Enquanto espaços tempo de lazer onde a diversão noturna quebra com a rotina da vida quotidiana oferecendo socialização e procura ativa de prazer (Goulding & Shankar, 2011), estes ambientes não deixam de reproduzir e por vezes hiperbolizar, porém, dinâmicas sociais transversais sobre as diferenças de género, idade ou classe (Meashow & Østergaard, 2009 citado por Gunby, 2016). Assim, e se num momento inicial, a expansão do movimento da música eletrónica de dança no início dos anos 90 foi entendida como uma oportunidade libertadora para as mulheres que permitiu a sua passagem a participantes de pleno direito nesta cena, contando com maiores liberdades do que as que gozavam noutros contextos de ócio (Romo, 2004), as desigualdades estruturais de género não se dissiparam, mas reconfiguraram-se. A massificação destes ambientes acabou por acarretar um novo arrastamento das mulheres para papéis mais tradicionais, afirmando os homens como figuras centrais enquanto empreendedores, produtores e consumidores culturais. Sinais disto mesmo foram o aumento do consumo de substâncias e sua desideologização, o aumento da violência, e o crescimento da necessidade de segurança que reforçou o protagonismo de agentes masculinos (porteiros, seguranças, promotores). Este movimento resultou numa progressiva erotização que diminuiu as vantagens da participação feminina inicial nestes ambientes (McRobbie, 1993).

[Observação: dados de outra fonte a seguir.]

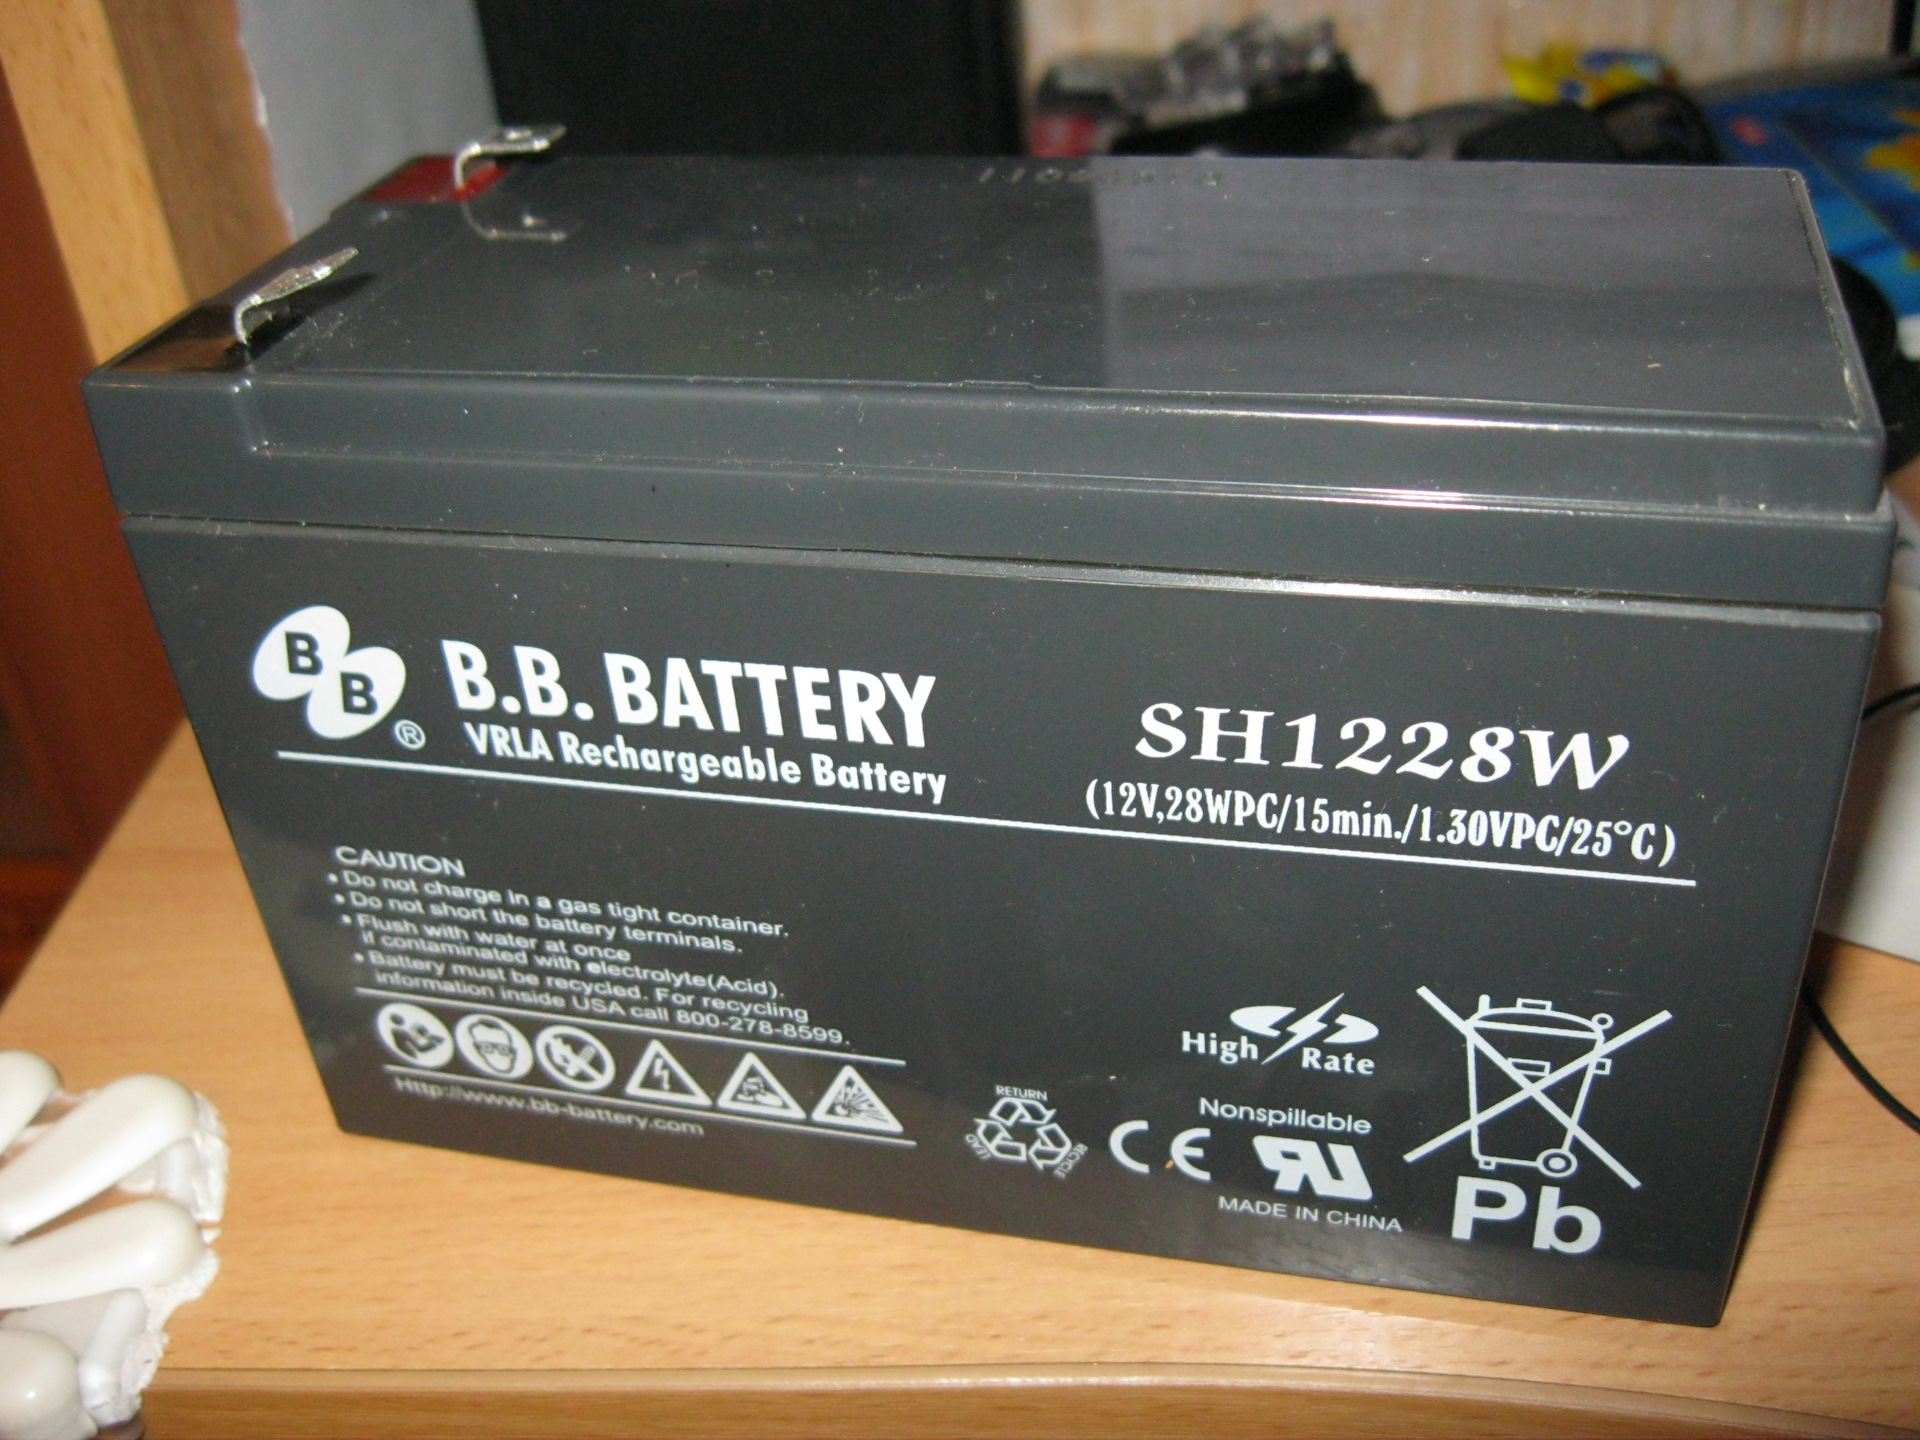 Что означает battery. Аккумулятор BB Battery sh1228w. Аккумулятор sh1228w 12v b.b.Battery 28wpc/15min/1.0VPC/25. Аккумулятор b.b. Battery sh1228w s. Sh1228w аккумулятор для ИБП.
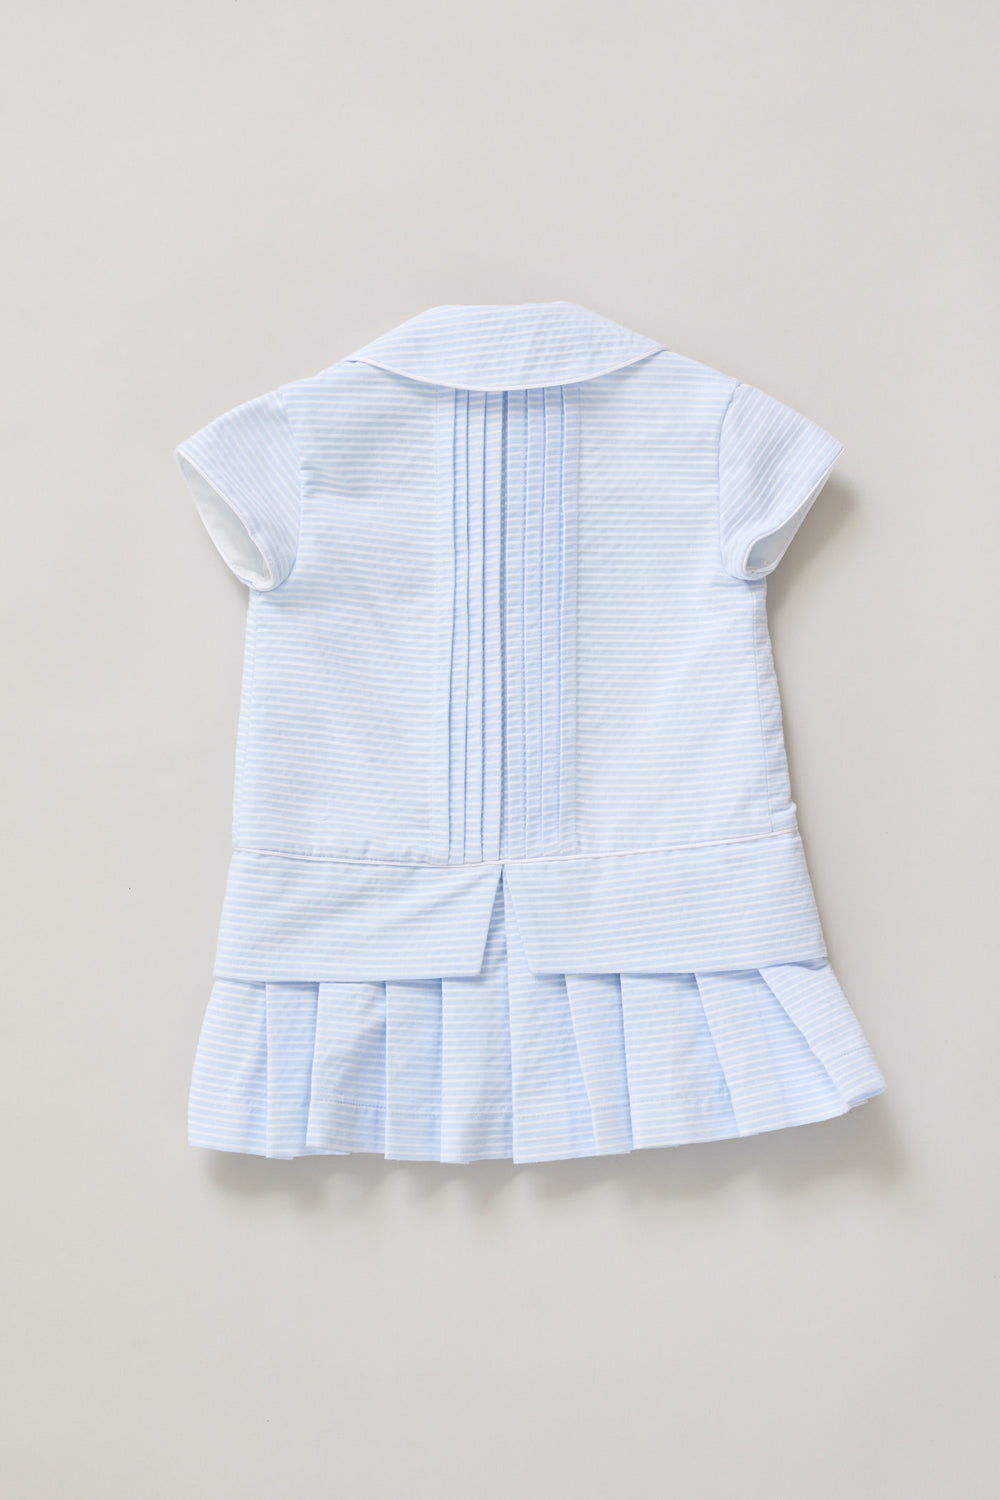 Baby Pretzel Dress in Sky Blue Stripe

Numa fase inicial este projeto procedeu ao diagnóstico da situação portuguesa no que se refere à experiência de situações de violência sexual por pessoas que frequentam ambientes de lazer noturno em Portugal. […] Alguns dos resultados preliminares […] comprovam que de facto as situações de violência sexual, principalmente as de baixa intensidade, são bastante expressivas e prevalentes nestes ambientes em Portugal
Não tendo, então, contribuído para o equilíbrio das diferenças de género de que outros significados se revestiu a participação feminina no lazer noturno? Assegurada que foi a reprodução de normas hegemónicas de masculinidade e feminilidade acentuou-se uma alarmante desigualdade entre os géneros, com as mulheres a enfrentarem inúmeras tensões e contradições potencialmente desempoderadoras: se por um lado é expectável que ajam de uma forma “não-promíscua”, por outro devem apresentar-se de uma forma sexy (Griffen e cols. (2013). Se, por um lado se mantêm algumas tensões como a procura de autonomia e o consumo recreativo e social, por outro, o receio da perda de controlo (enquanto se preserva uma atitude feminina) constitui preocupação (Lopes et al., 2008). Proliferam desigualdades de género traduzidas na divulgação de conteúdos sexistas e hiper sexualizados como a “Noite da Mulher”, a publicidade de promoção irresponsável do consumo de bebidas alcoólicas, os dress codes, e os temas musicais com conteúdos sexualmente violentos (Gunby et al., 2016). Assim, e ao mesmo tempo que se populariza a crença de que as mulheres que frequentam ambientes recreativos são mais empoderadas e têm uma maior liberdade sexual, dissemina-se uma definição redutora de liberdade sexual, a remeter unicamente para um maior consumo sexual (frequência e número de parceiros sexuais), excluindo da definição dimensões como a experimentação de outras práticas sexuais e a exploração do prazer feminino (Noctambul@s 2016). Uma maior liberdade sexual é confundida com disponibilidade sexual, acessibilidade, pelo que se justificam e legitimam formas de interação sexualizadas (com ou sem consentimento). Toques ou outros contactos sexuais de menor intensidade (por exemplo, roçar) tornam-se norma. E apesar de as mulheres aceitarem esses comportamentos como condição inevitável para a sua participação no lazer noturno, muitas vezes sentem-se zangadas e invadidas na sua privacidade (Gunby et al, 2016).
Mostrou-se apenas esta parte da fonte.